Earls Kitchen + Bar, which is based in Vancouver but has locations across the country, announced Wednesday that it is changing its guidelines to give staffers the choice of wearing pants instead of skirts.
Up until now, the chain had a "suggested dress code" that recommended a black skirt "no shorter than one inch above the knee" with an option to request pants.
Now, women working at Earls can choose what to wear on their own, be it a skirt or a "straight-cut black pant."
The update came on the same day that the Ontario Human Rights Commission (OHRC) called for an end to "sexualized workplace dress codes."
The OHRC's policy position states that, while employers can still have dress codes, female employees "should not be expected to meet more difficult requirements than male employees, and they should not be expected to dress in a sexualized way to attract clients."

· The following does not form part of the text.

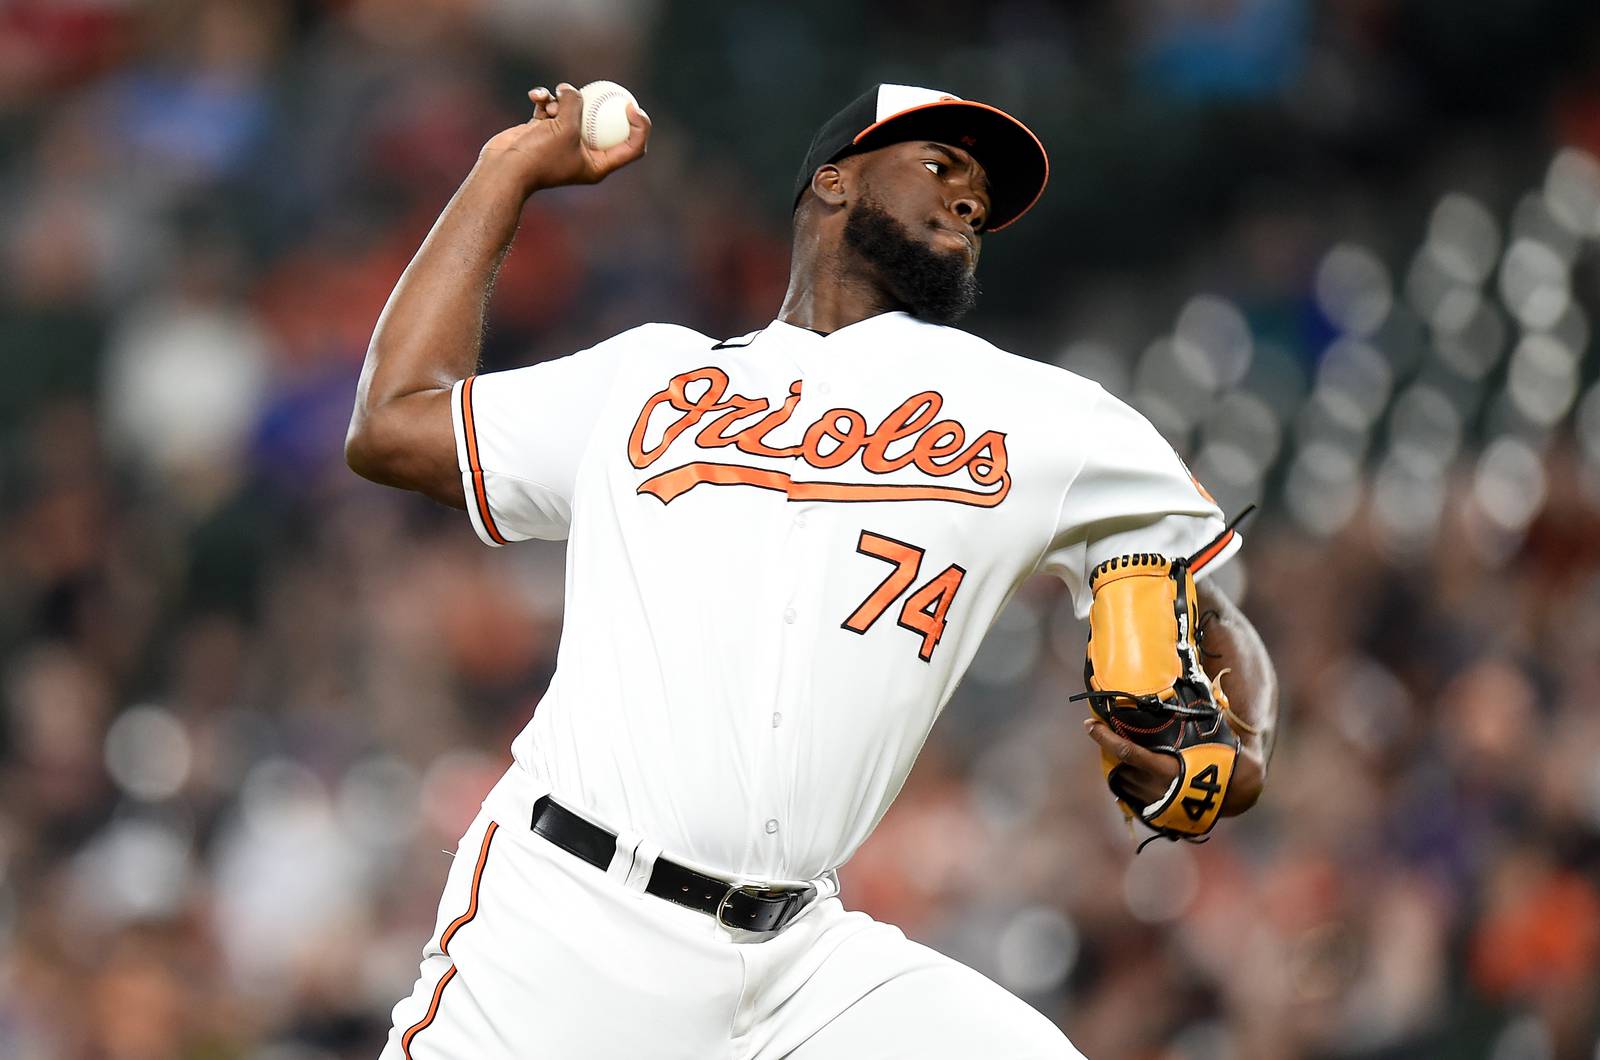 Orioles closer Félix Bautista feels ‘rejuvenated’ and aims for opening

It noted that women are sometimes expected to dress in a "sexualized or gender-specific way," such as wearing "high heels, short skirts, tight clothing, or low-cut tops."
The OHRC added that employees might feel pressured to dress this way "because they fear losing tips, shifts, or even their jobs."
Earls said it has been working on amendments to its guidelines for "some time," and that the chain will spend about a year reworking its dress code so that both women and men wear similar uniforms in future.
"Although our female service staff have a choice in what they wear, we understand that even our suggested dress code could be considered discriminatory," a company statement said Wednesday.
"We were unaware we were in contravention of the Ontario Human Rights Code until recently, and consequently, female servers will now be offered the choice of pants or a skirt rather than having to request it."
Moxie's is one of a number of restaurants targeted in a CBC investigation of workplace dress codes. (Photo: Roberto Machado Noa/LightRocket via Getty Images)
The OHRC's policy position came after CBC's Marketplace published an investigation into restaurant dress codes at various Canadian chains.
As part of the probe, a CBC staffer applied for jobs at restaurants including Moxie's, Earls, Jack Astor's, and Joey Restaurants to find out what women were expected to wear.
Marketplace also spoke with women who said they received "unwanted attention" thanks to the outfits they were wearing. Some spoke about health problems that arose from wearing high heels on shift.
Spokespeople for those restaurants said their dress codes are meant to ensure their servers look "classy," not sexualized.